Application of 5 mM Cs+ blocked most of the current activated by hyperpolarization (91.5 ± 1.8%, n = 7; Fig. 4A). Increasing the concentration to 10 mM Cs+ resulted in a block of 94% (n = 2). The effects on Ih were largely reversible on removal of Cs+.

A bradicardiac agent, ZD7288, has also been reported to block Ih selectively in many types of neurons (Harris and Constanti 1995; Khakh and Henderson 1998; Luthi et al. 1998; Maccaferri and McBain 1996). Figure 4B shows the result of externally applied 50 nM ZD7288 on hyperpolarization-activated currents. There appeared to be a release from block during hyperpolarization manifested by a gradual increase of inward current. Such effects have been also reported in hippocampal neurons (Maccaferri and McBain 1996). ZD7288 blocked inward currents, measured near the beginning of the pulse, by 91 ± 4% (n = 3). In octopus cells, as in other cells, the blocking effect developed slowly, taking ~10-20 min to become maximal, and could not be reversed with washout periods <= 50 min (Harris and Constanti 1995; Maccaferri and McBain 1996).

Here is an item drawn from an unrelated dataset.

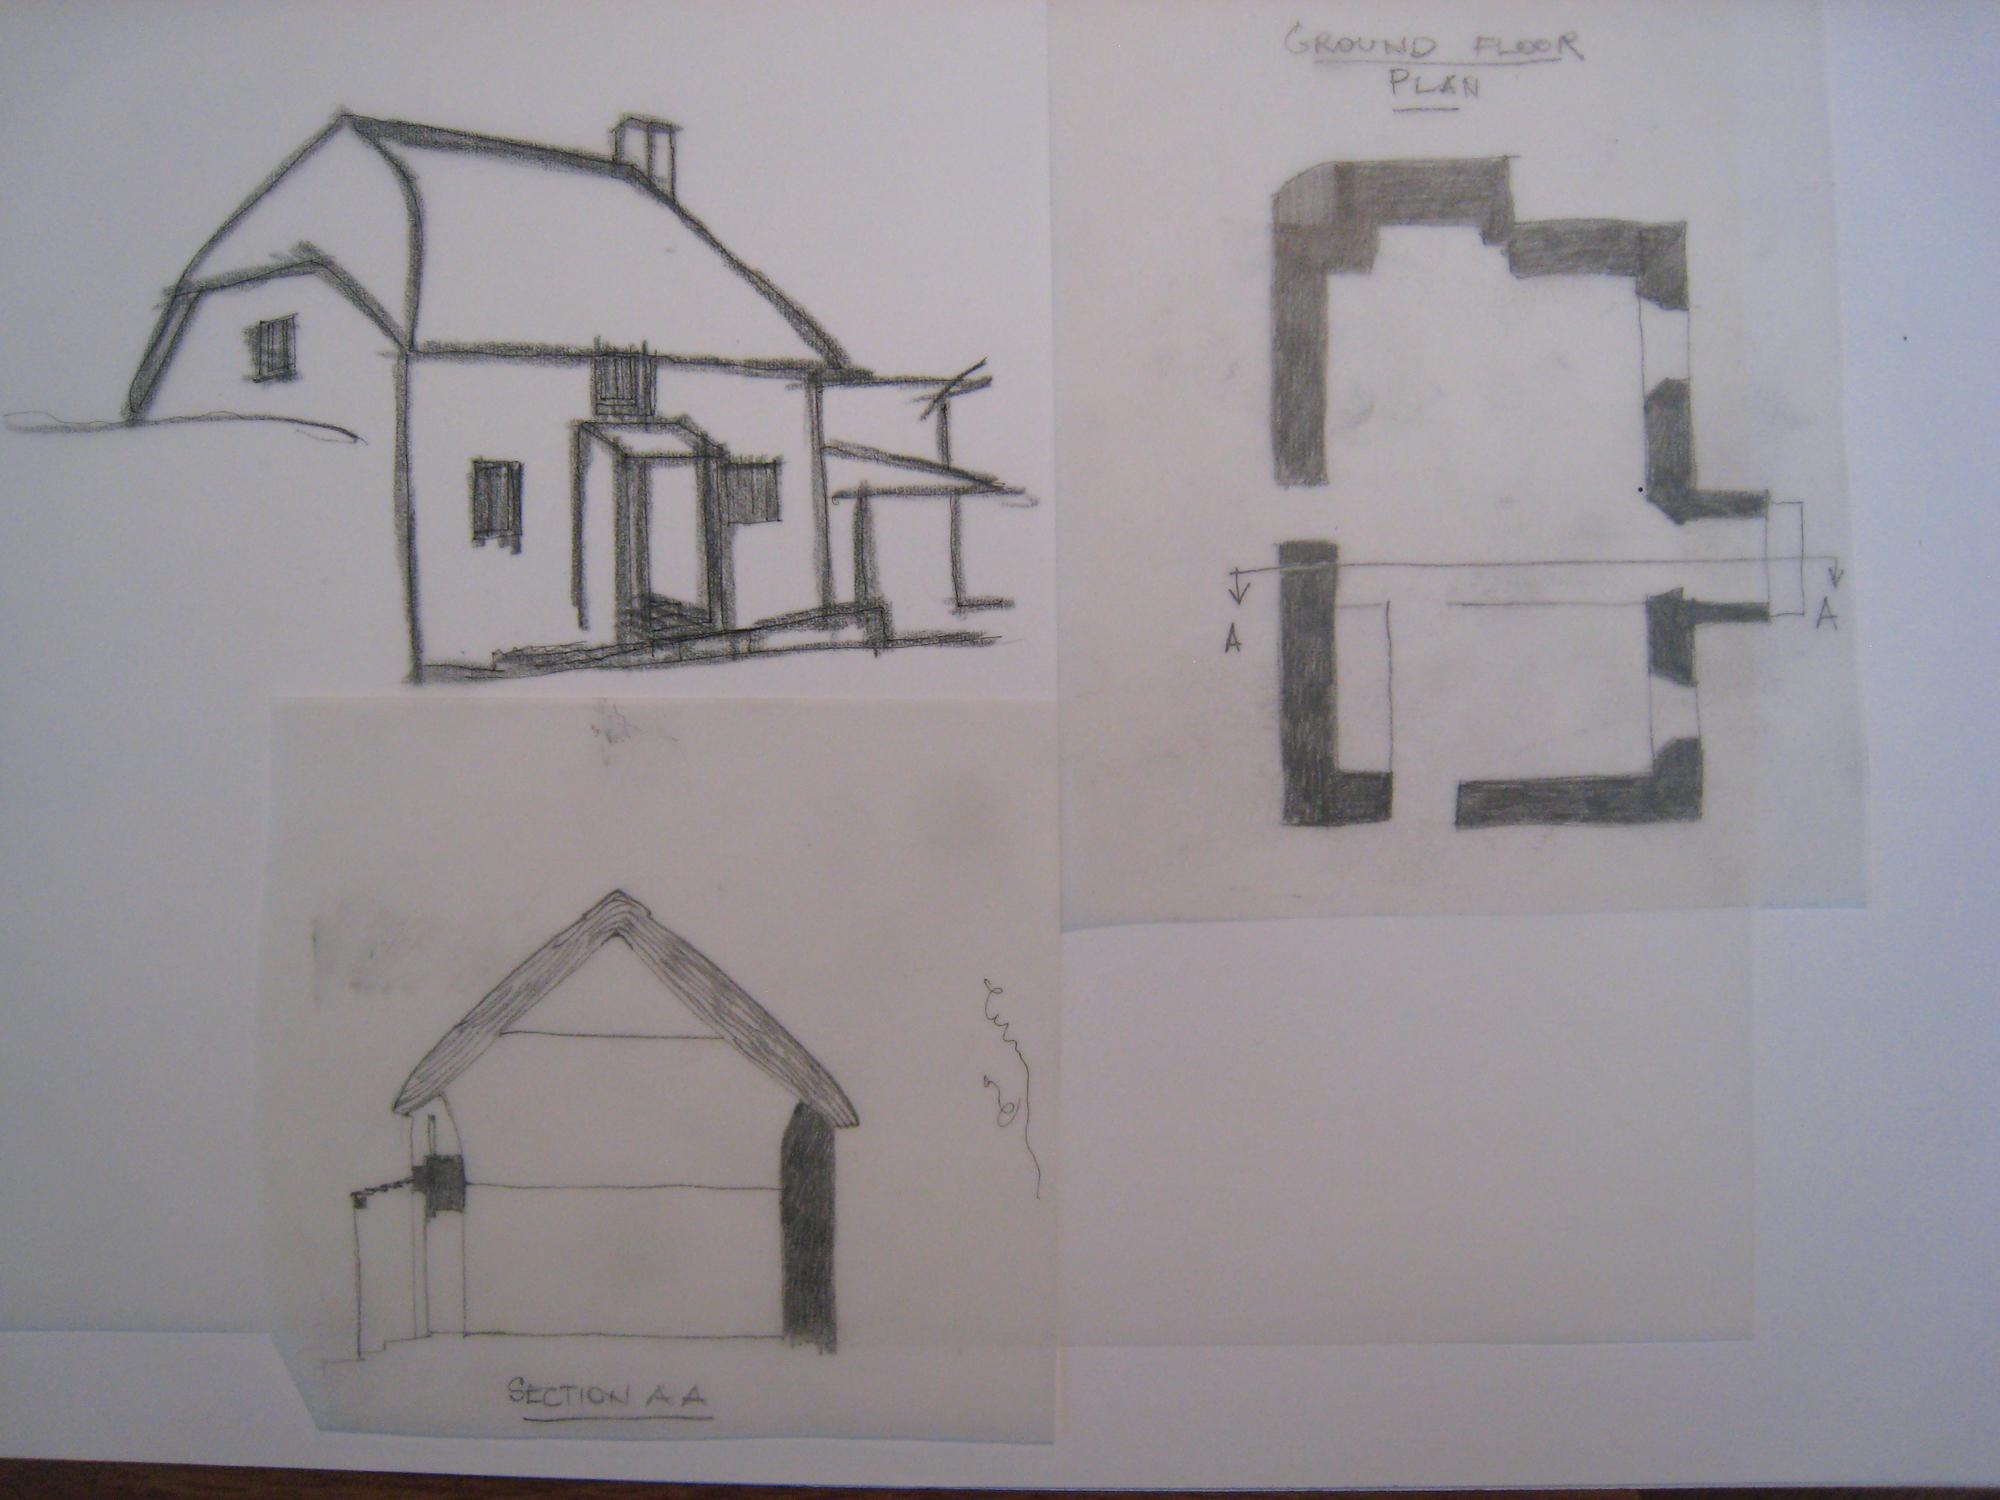 simplified drawing and plan of Bidlake Cottage, Germansweek

These experiments raise the question whether the block by 5 mM Cs+ and ZD7288 is incomplete or whether a portion of the hyperpolarization-activated current was mediated through a different type of conductance. Extracellular application of 2 mM Ba2+ produced a 13 ± 4% inhibition of Ih (n = 4; Fig. 4C). To determine whether the Cs+-insensitive current and Ba2+-sensitive currents were different, the sensitivity to Ba2+ of the residual currents in the presence of Cs+ was tested. Three experiments showed that the 5 mM Cs+-insensitive, hyperpolarization-activated current was blocked by Ba2+ by only 4% (n = 3), indicating that the block by Ba2+ in these experiments was nonspecific and that <1% of the hyperpolarization-activated current could have been IKIR. The interpretation that the residual current in the presence of 5 mM Cs+ represents incomplete blocking of Ih is strengthened by the finding that a larger proportion (94%) of the hyperpolarization-activated current is blocked by a larger concentration of Cs+ (10 mM). We conclude that the hyperpolarization-activated current can be attributed to Ih.

Kinetics of activation and deactivation

The kinetics of activation of Ih was examined by fitting the activation phase of the current with exponentials. The first 7 ms of the current trace at the beginning and after the end of a voltage pulse can include the capacitative transient and was therefore ignored for the exponential fitting (Solomon and Nerbonne 1993a). The rise of the current after this period was well described by double-exponential processes (Fig. 5, A and B). Both the fast and slow time constants of activation, tau fast and tau slow, were voltage dependent with tau fast = 44 ± 6 ms and tau slow = 181 ± 39 ms at -77 mV and decreasing to tau fast = 16 ± 3 ms and tau slow = 84 ± 20 ms at -107 mV (n = 8). This decrease in time constants at large step potentials was statistically significant (P <=  0.001). Figure 5B shows the mean values of activation time constants, tau fast and tau slow, plotted as a function of voltage.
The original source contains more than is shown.